Nous pouvons noter que la majorité des city-breakers sont jeunes (70,9 % de taux de départ en ville pour les 18-24 ans contre 42,4 % pour les plus de 65 ans) et issus d’un milieu social élevé (84,9 % de cadres supérieurs, 56,8 % d’ouvriers). L’easyjet-setting correspond à une forme d’élitisme social réservé aux anciens clients des clubs branchés parisiens qui connaissent les codes sociaux à respecter et qui sont à l’aise financièrement (pour acheter un billet d’avion, payer une nuit d’hôtel…). Cependant, à Berlin, la sélection à l’entrée est moins associée à une place sociale qu’à Paris, le style vestimentaire importe peu : les codes sont plus flexibles et moins basés sur une place sociale que sur l’identité personnelle. Un de nos enquêtés, nommé ici Matthieu (24 ans, célibataire et sans enfants, résidant en grande couronne de Paris et ayant vécu plusieurs mois à Berlin), nous dit : « On ne laisse pas rentrer les gens parce qu’ils sont bien habillés […] on laisse entrer les gens parce qu’on pense que c’est eux qui apprécieront le plus la musique […] ce sont des gens qui vont être plus cool ». De même, Carole nous raconte, à propos de la manière d’être en sortie : « À Paris, tu te colles toujours aux gens, surtout après, quand ils sont bourrés, ils sont chiants. Alors que là, t’as la place, les gens, ils sont souriants, ils sont très tranquilles, pas de problème, c’est plus agréable. » Il s’agit donc de vivre la fête autrement qu’à Paris, où l’ambiance et les relations sociales seraient médiocres et contrôlées. À Berlin, les codes de la « jeunesse dorée » sont réfutés pour autoriser l’expression relâchée du Soi. Cette pratique permet d’envisager un paradigme de la « diversité culturelle » (Glevarec, 2013), où le plaisir « ici et maintenant » est plus valorisé que la correspondance à une culture de classe, ici élitiste. Certains touristes français – conservant ces codes de classe sociale – sont remarqués et déconsidérés pas les easyjet-setters de la première heure que nous avons interrogés, du fait qu’ils valorisent trop ce trait : un style vestimentaire trop branché, des expansions de joie et une consommation ostentatoire qui ne correspond pas au lieu. Or, c’est en partie ce qui les a fait fuir Paris.

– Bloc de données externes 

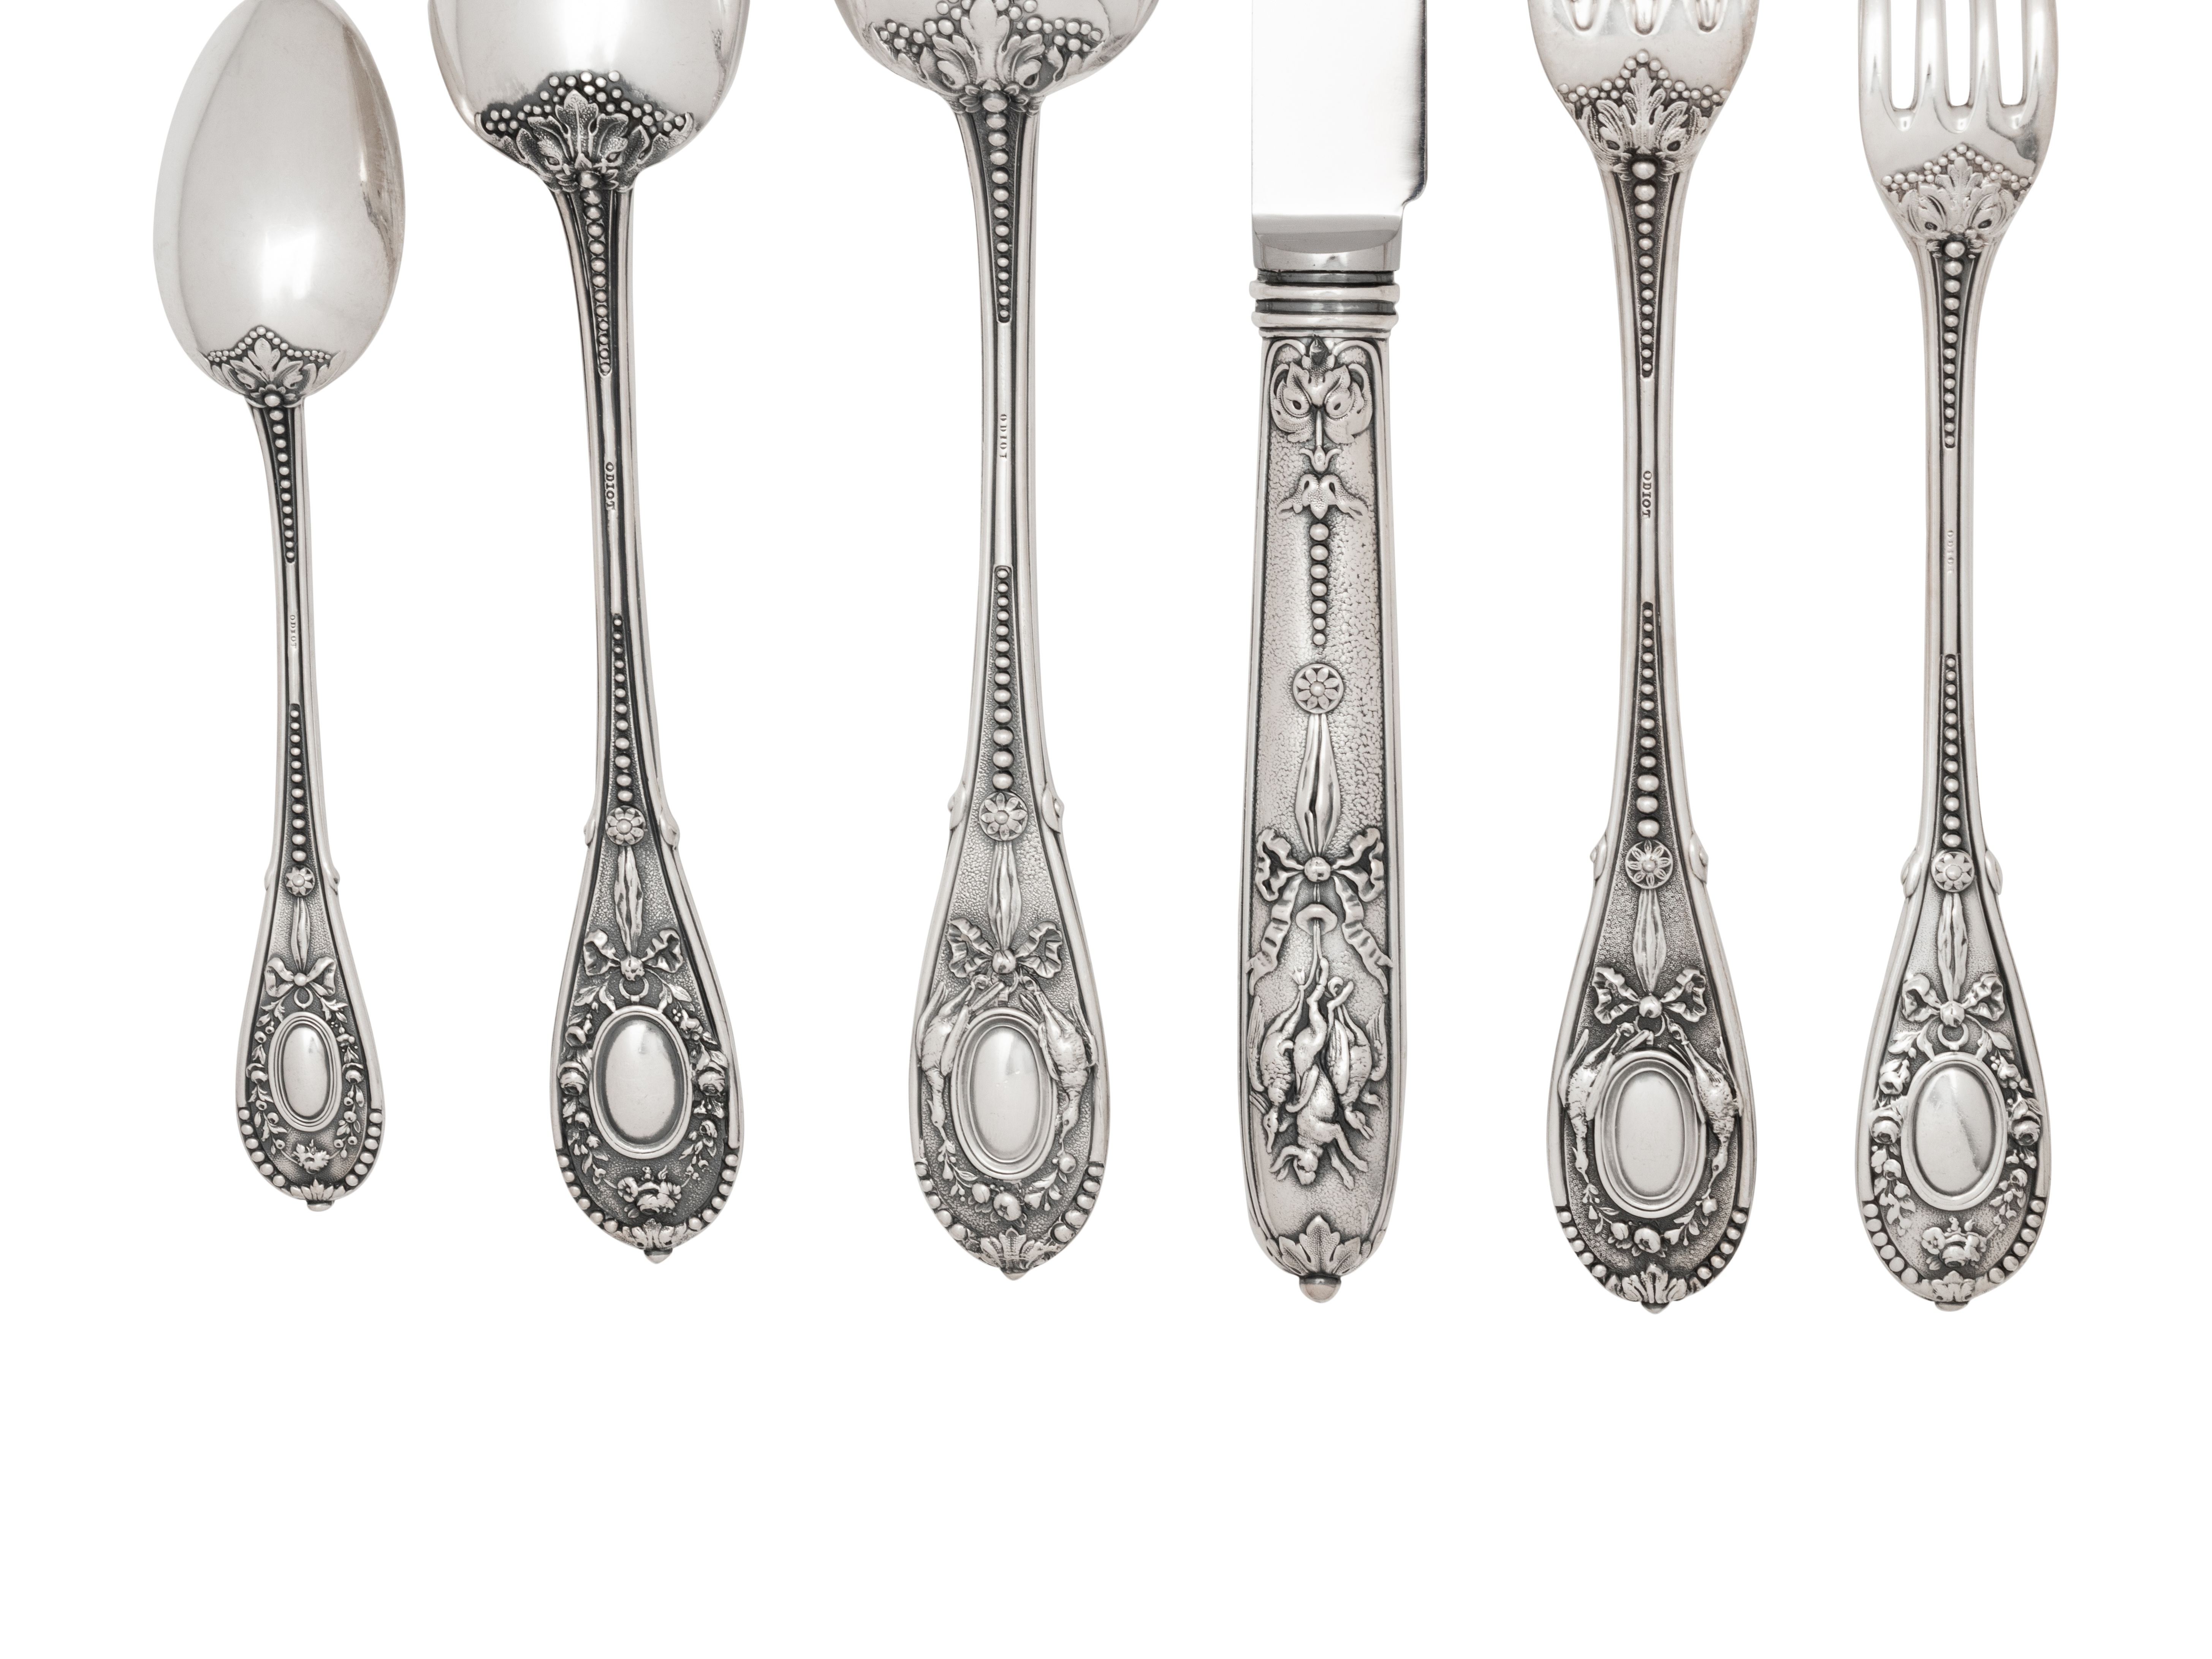 A French Silver Flatware Service - Image 6 of 9
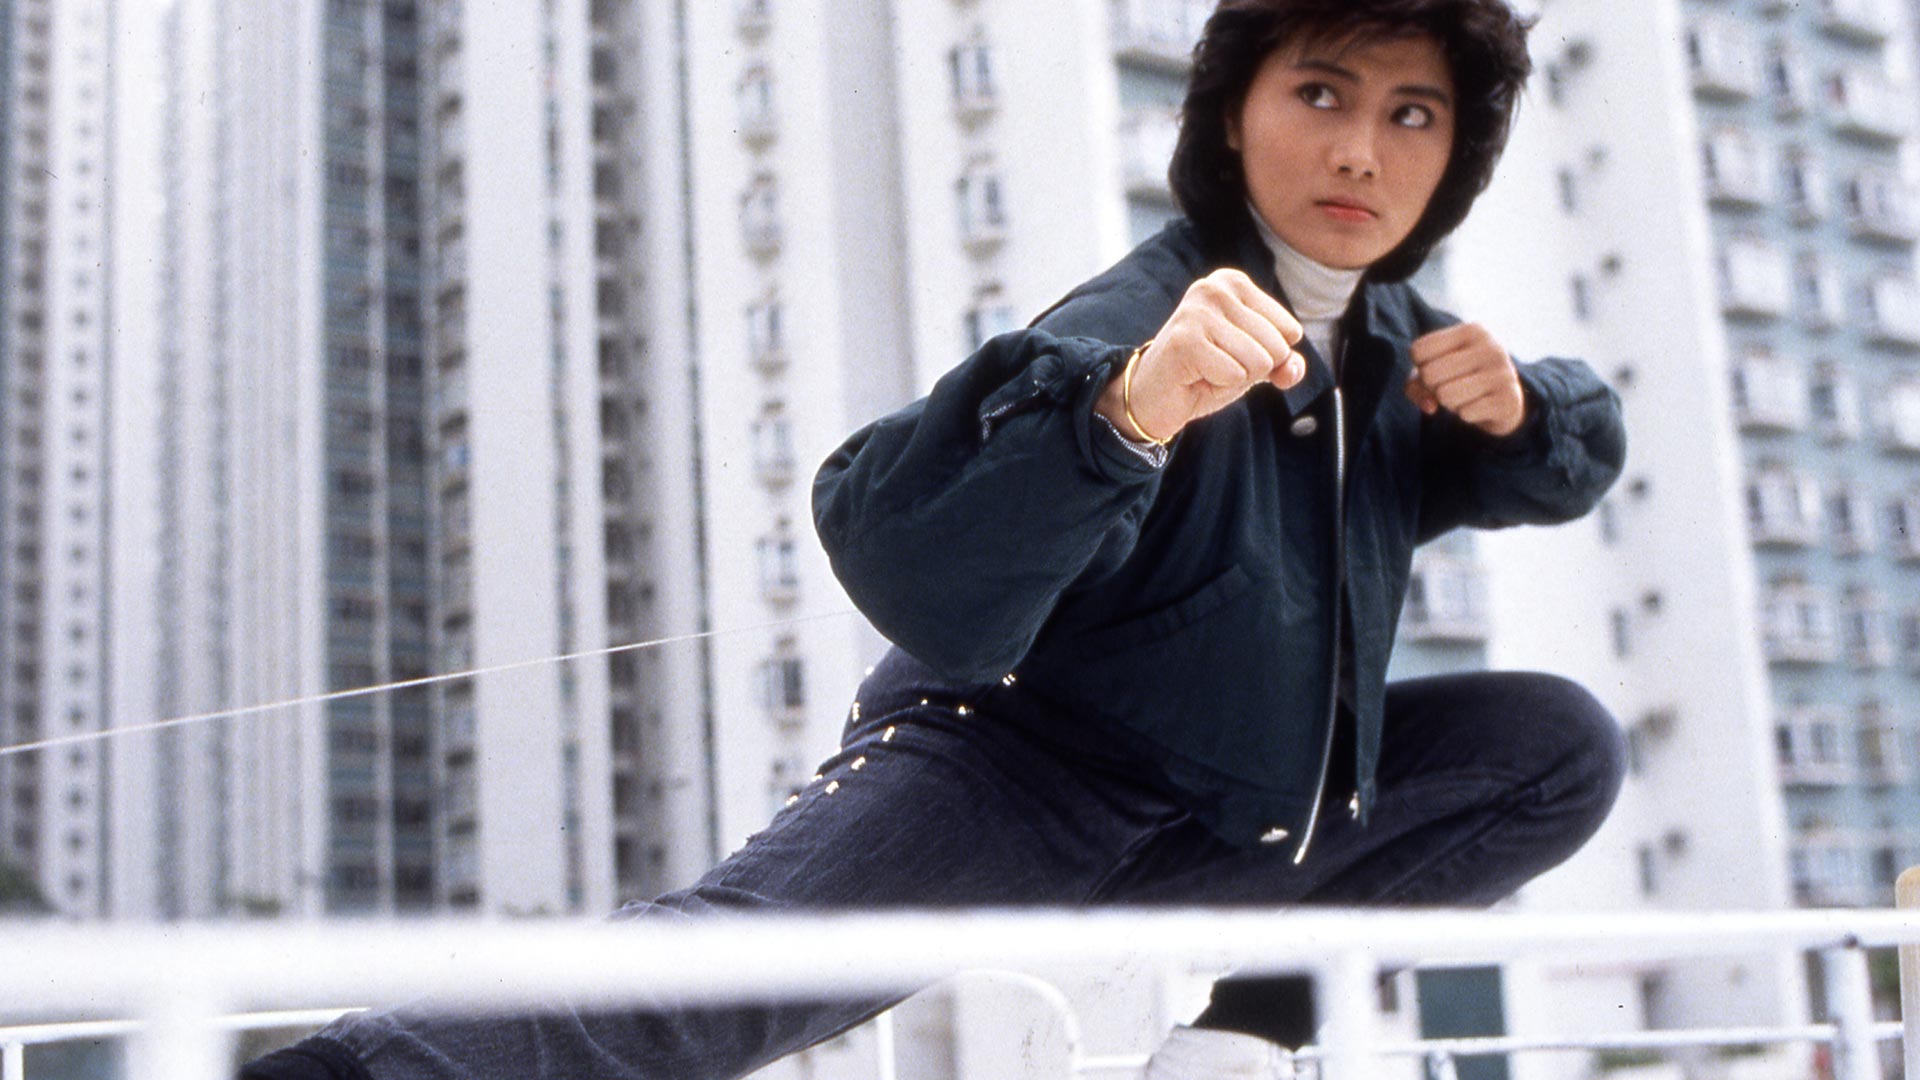 Cynthia Khan strikes a fierce pose, ready to fight, in In the Line of Duty IV.

Du côté des classes moyennes, le rapport qualité/prix des soirées parisiennes est aussi évoqué comme le facteur rédhibitoire par les jeunes noctambules interrogés lors de notre recherche doctorale, même si certains s’achèteront du LSD, de la MDMA[9] ou une autre drogue… Ainsi, le coût des sorties est une des raisons pour lesquelles ils pratiquent aujourd’hui l’easyjet-setting : les soirées berlinoises coûtent 20 à 30 % moins cher que les soirées parisiennes, pour une qualité des programmations musicales et un sentiment de liberté en terre d’accueil incomparables, d’après eux. Donc, l’easyjet-setting se démocratise : les milieux aisés commencent à rencontrer les fils de milieux moyens. Les étrangers, y vivant quelques mois, invitent leurs amis de soirée à venir découvrir la vie nocturne de Berlin. Ils les logent et leur enseignent les codes à connaître. En suivant la typologie de Juguet (2009), l’easyjet-setter serait un city-breaker « futé », c’est-à-dire à la recherche d’une offre touristique au bon rapport qualité/prix et pour un séjour centré sur le plaisir.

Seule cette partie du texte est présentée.